@jettoblack/image_mcp

v1.0.1

Published

5 months ago

MCP server for image summarization using OpenAI-compatible chat completion endpoints

0High
0Medium
0Low

jettoblack

mcp server image summarization openai chat completion vision

Image Summarization MCP Server

A Model Context Protocol (MCP) server that accepts image files and sends them to an OpenAI-compatible chat completion endpoint for analysis, description, and comparison tasks.

Use Case

Many LLMs used for agentic coding are text-only and lack support for image inputs. This tool allows you to use a secondary model dedicated to describing and analyzing images, without having to use a multi-modal LLM for your primary model. It supports both cloud and local LLMs via any server that supports the OpenAI chat completion endpoint (including llama.cpp / llama-swap, Ollama, open-webui, OpenRouter, etc).

For local models, gemma3:4b-it-qat works quite well with a relatively small footprint and fast performance (even on CPU-only).

Features

Accepts images via unified image_url parameter with multiple input formats
Supports custom_prompt to perform specific tasks other than just general description
Sends images to OpenAI-compatible chat completion endpoints
Returns detailed image descriptions
Configurable endpoint URL, API key, and model
Command-line interface for configuration
Comprehensive error handling
TypeScript support

Quick install from NPM

Add this to your global mcp_settings.json or project mcp.json:

  "image_summarization": {
    "command": "npx",
    "args": [
      "-y",
      "@jettoblack/image_mcp",
      "--api-key",
      "key",
      "--base-url",
      "http://localhost:8080/v1",
      "--model",
      "gemma3:4b-it-qat",
      "--timeout",
      "120000",
      "--max-retries",
      "3"
    ],
    "timeout": 300
  }

Replace the base url, API key, model, etc. as required.

Configuration

The MCP server can be configured using environment variables, command-line arguments, or defaults.

Environment Variables

OPENAI_API_KEY: Your API key for the OpenAI-compatible service
OPENAI_BASE_URL: The base URL of the OpenAI-compatible service (default: http://localhost:9292/v1)
OPENAI_MODEL: The model to use for image analysis
OPENAI_TIMEOUT: Request timeout in milliseconds (default: 60000). When running local models you may need to increase this.
OPENAI_MAX_RETRIES: Maximum number of retry attempts (default: 3)

Command Line Arguments

npx -y @jettoblack/image_mcp \
  --api-key your-api-key \
  --base-url https://api.openai.com/v1 \
  --model gpt-4-vision-preview \
  --timeout 60000 \
  --max-retries 5

Configuration Priority

Command-line arguments
Environment variables
Default values

Dev Installation

Clone the repository:

git clone https://github.com/jettoblack/image_mcp.git
cd image_mcp

Install dependencies:

npm install

Build the project:

npm run build

Starting the Server

node build/index.js

The server will start and listen on stdio for MCP protocol communications.

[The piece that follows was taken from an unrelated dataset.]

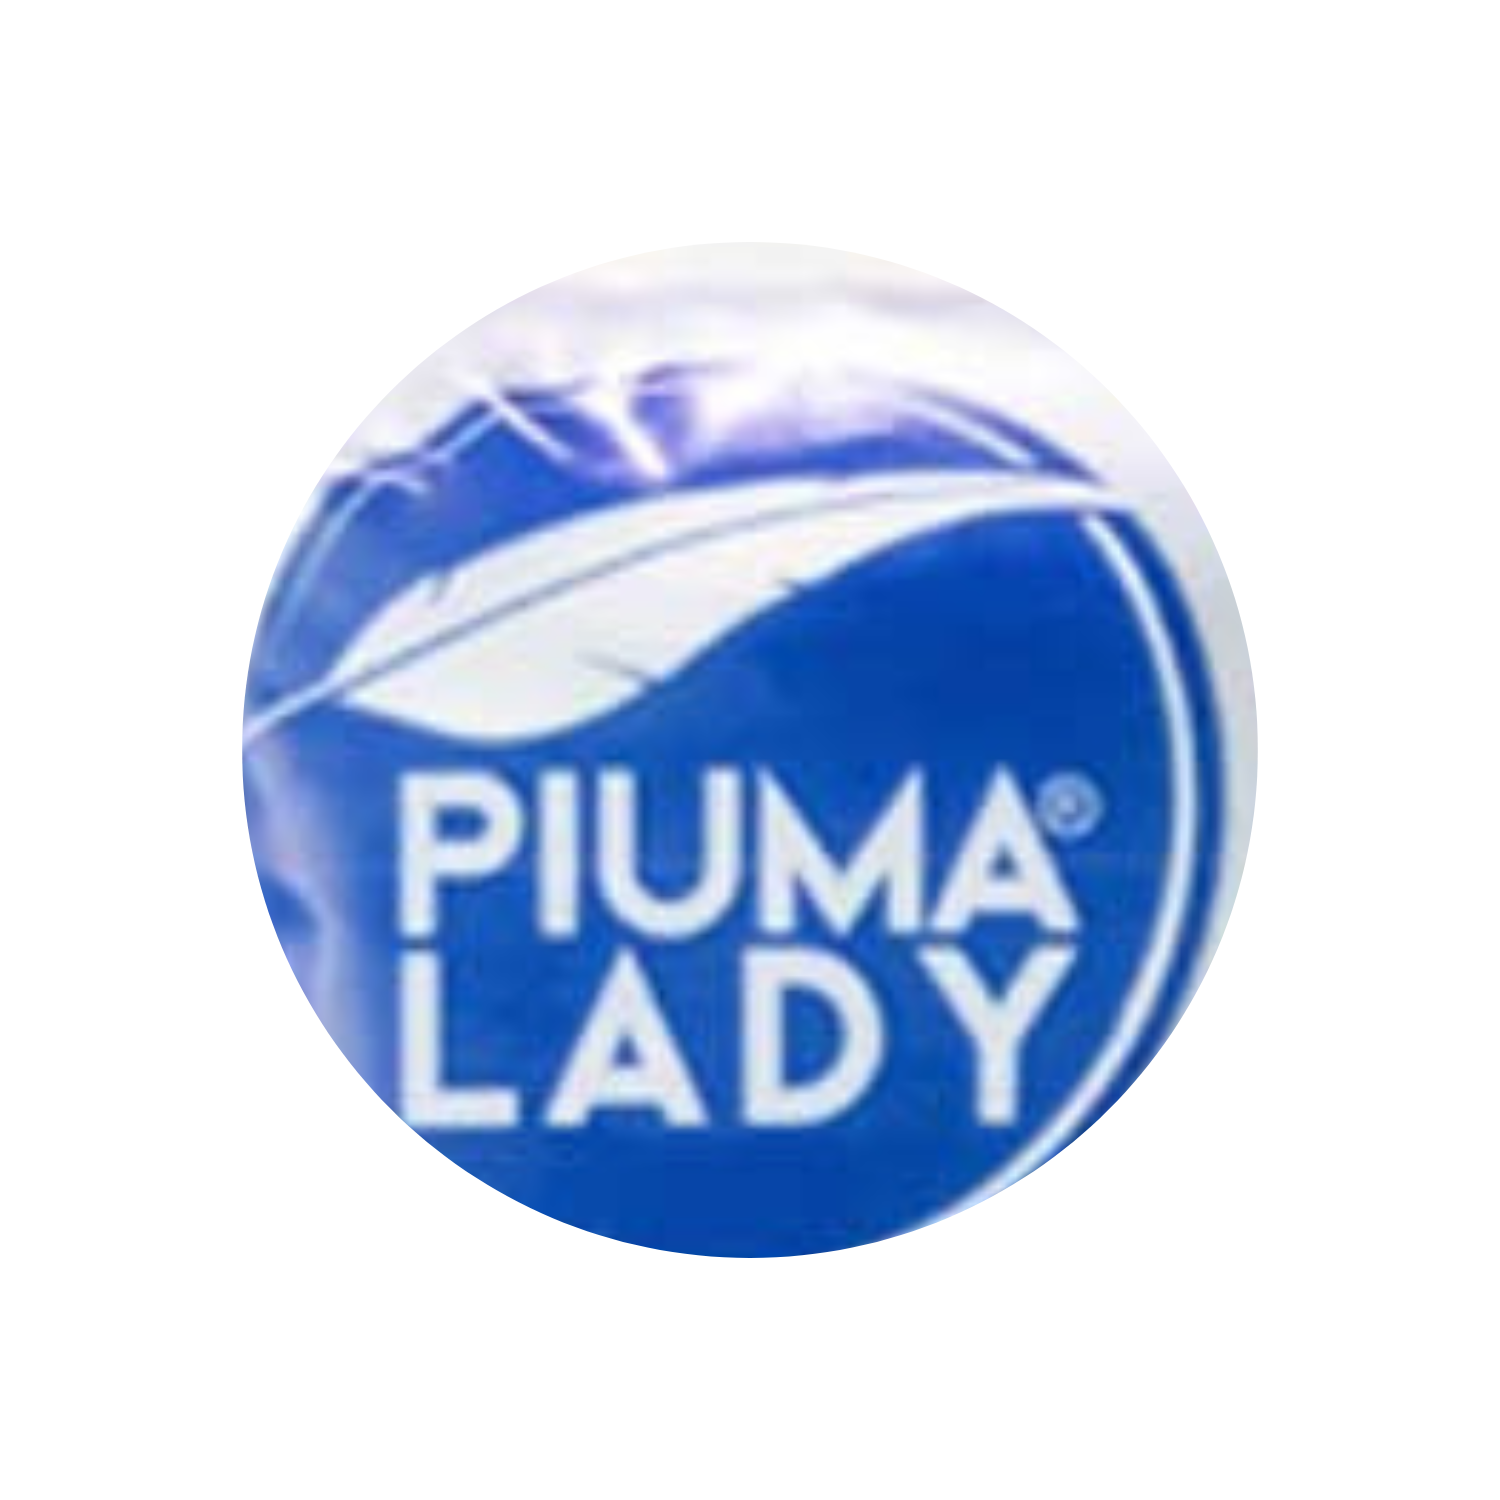 Lady piuma

MCP Tool Installation (local build)

Add this to your global mcp_settings.json or project mcp.json:

  "image_summarizer": {
    "command": "node",
    "args": [
      "/path/to/image_mcp/build/index.js",
      "--api-key",
      "key",
      "--base-url",
      "http://localhost:9292/v1",
      "--model",
      "gemma3:4b-it-qat",
      "--timeout",
      "120000",
      "--max-retries",
      "3"
    ],
    "timeout": 300,
  }

Usage

MCP Tools

The server provides two tools for image analysis:

`summarize_image`

Analyzes and describes a single image in detail.

Parameters

image_url (string): URL to the image file to analyze. Supports:
- Absolute file paths
- file:// URLs
- HTTP/HTTPS URLs (will be downloaded and converted to base64)
- Data URLs with base64 encoded image files
custom_prompt (string, optional): Custom prompt to use instead of the default image description prompt

Example Usage

Using file path:

{
  "name": "summarize_image",
  "arguments": {
    "image_url": "/path/to/your/image.jpg"
  }
}

Using file:// URL:

{
  "name": "summarize_image",
  "arguments": {
    "image_url": "file:///path/to/your/image.jpg"
  }
}

Using HTTP/HTTPS URL:

{
  "name": "summarize_image",
  "arguments": {
    "image_url": "https://example.com/image.jpg"
  }
}

Using data URL with base64:

{
  "name": "summarize_image",
  "arguments": {
    "image_url": "data:image/png;base64,iVBORw0KGgoAAAANSUhEUg..."
  }
}

With custom prompt:

{
  "name": "summarize_image",
  "arguments": {
    "image_url": "/path/to/your/image.jpg",
    "custom_prompt": "What objects are visible in this image?"
  }
}

`compare_images`

Compares 2 or more images and describes their similarities and differences.

Parameters

image_urls (array of strings): Array of image URLs to compare (minimum 2 images required). Each URL supports:
- Absolute file paths
- file:// URLs
- HTTP/HTTPS URLs (will be downloaded and converted to base64)
- Data URLs with base64 encoded image files
custom_prompt (string, optional): Custom prompt to use instead of the default image comparison prompt

Example Usage

Comparing two images:

{
  "name": "compare_images",
  "arguments": {
    "image_urls": [
      "/path/to/image1.jpg",
      "/path/to/image2.jpg"
    ]
  }
}

Comparing multiple images with custom prompt:

{
  "name": "compare_images",
  "arguments": {
    "image_urls": [
      "https://example.com/image1.jpg",
      "https://example.com/image2.jpg"
    ],
    "custom_prompt": "Compare these UI screenshots and describe the differences in color themes."
  }
}

Testing

Running Tests

Run the test suite:

npm test

The test suite includes:

Unit tests for image processing functionality
Integration tests that require a mock server
Tests for both summarize_image and compare_images tools

Mock Server Testing

The project includes a mock OpenAI-compatible server for testing purposes.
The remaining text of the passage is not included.